● What to produce: Please reproduce all of the listing below exactly and drop its images.

● Dataset content:
<<<<
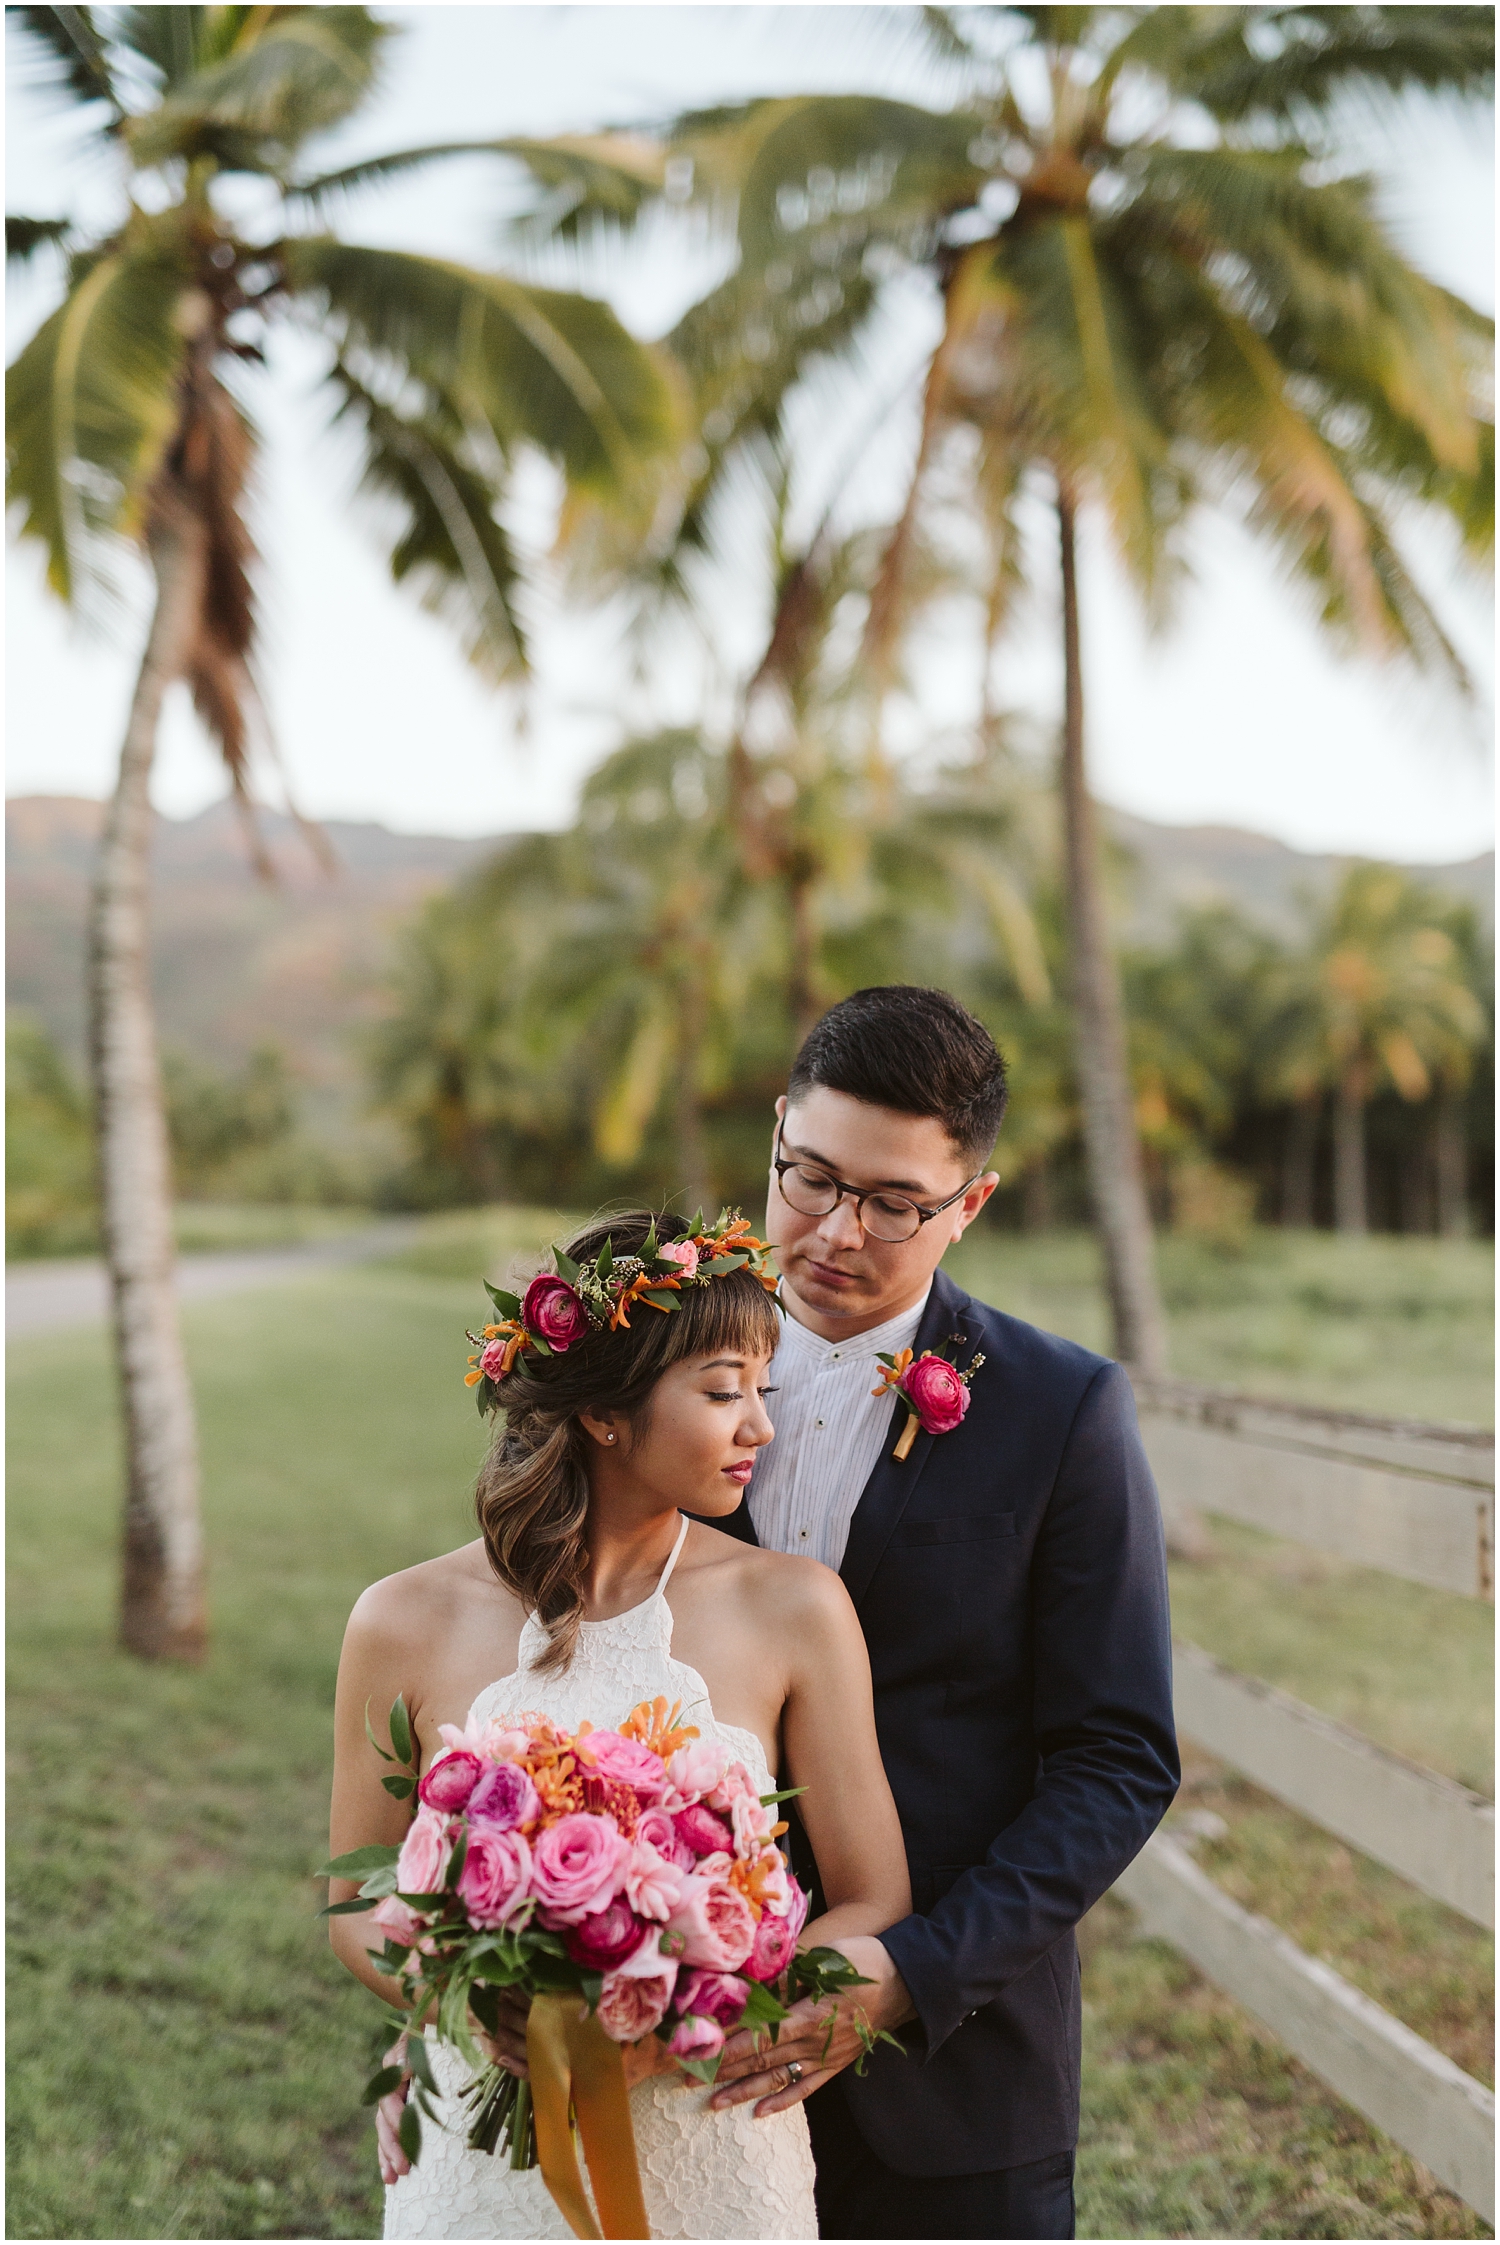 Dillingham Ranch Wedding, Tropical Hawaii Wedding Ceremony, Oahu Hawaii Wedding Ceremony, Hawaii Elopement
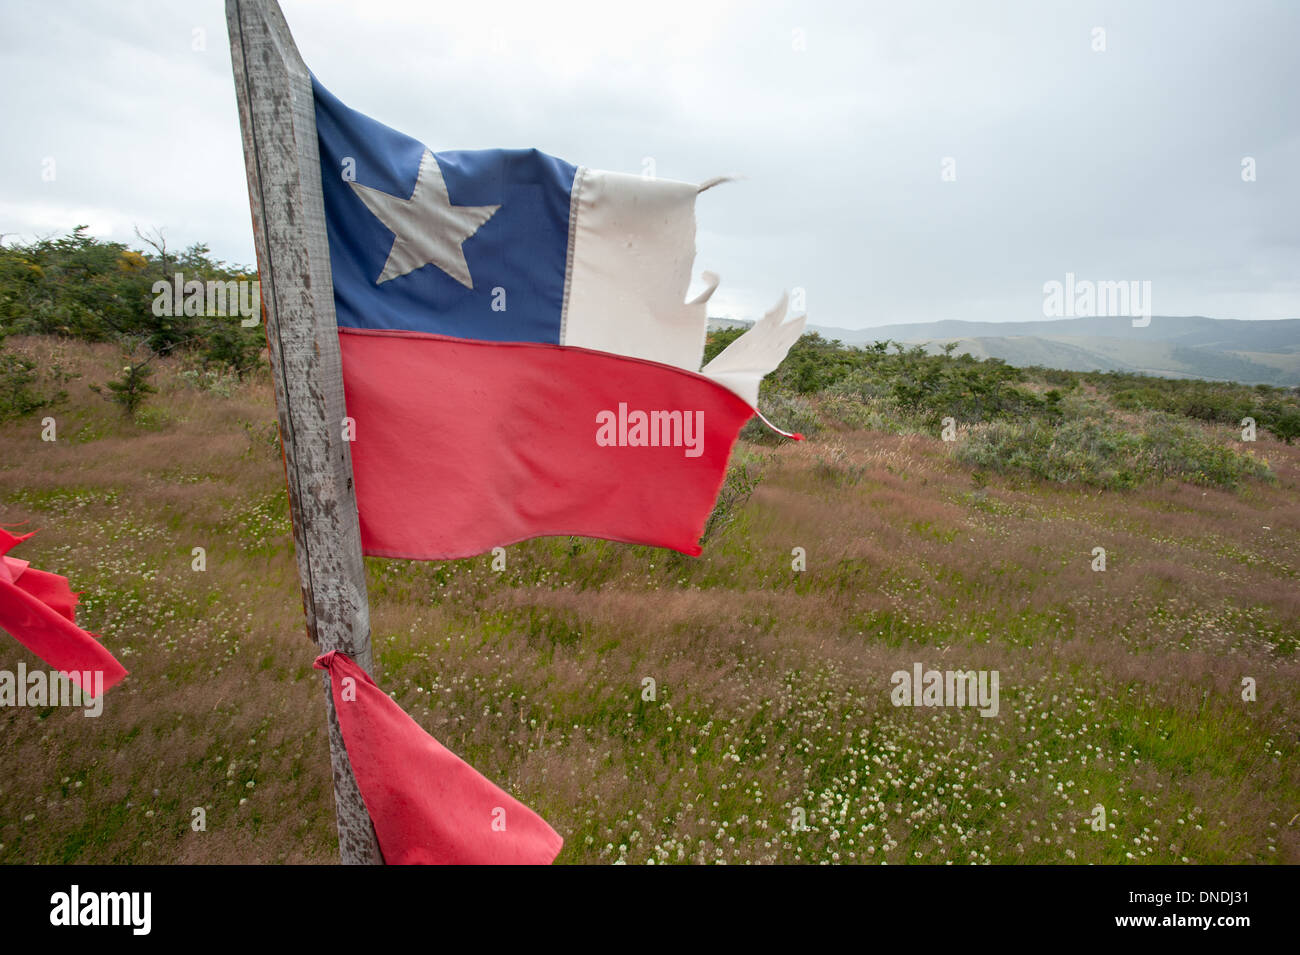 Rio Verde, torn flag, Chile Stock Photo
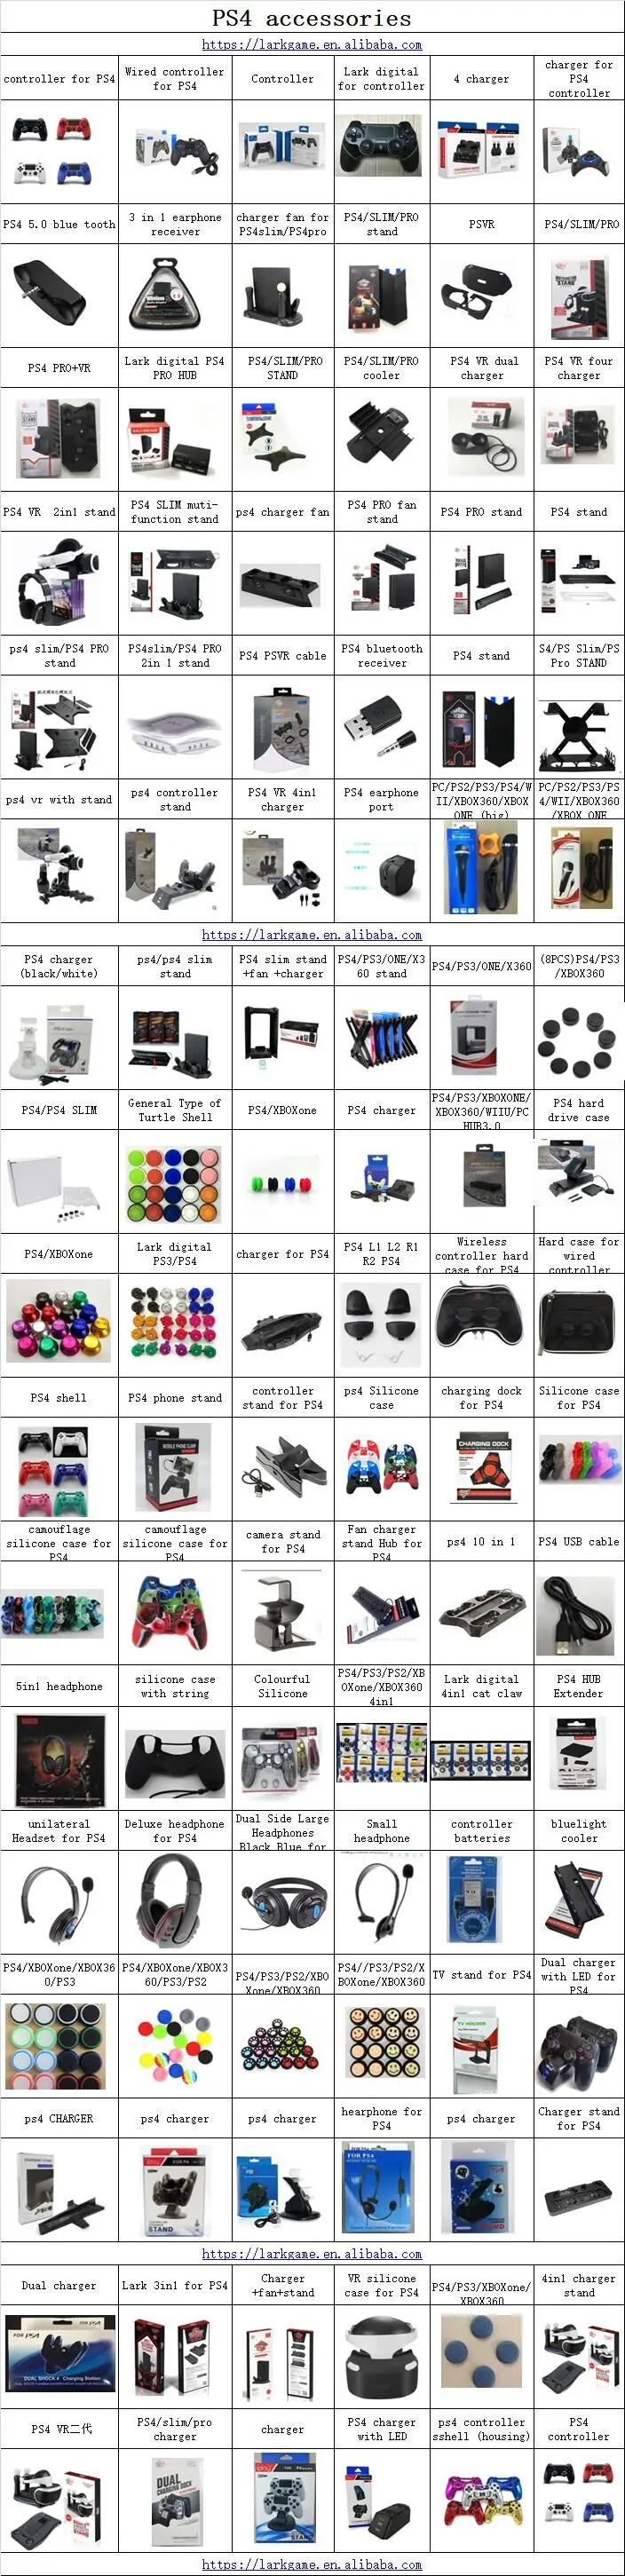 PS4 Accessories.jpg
>>>>
● Answer box:
 Dillingham Ranch Wedding, Tropical Hawaii Wedding Ceremony, Oahu Hawaii Wedding Ceremony, Hawaii Elopement
 Rio Verde, torn flag, Chile Stock Photo
 PS4 Accessories.jpg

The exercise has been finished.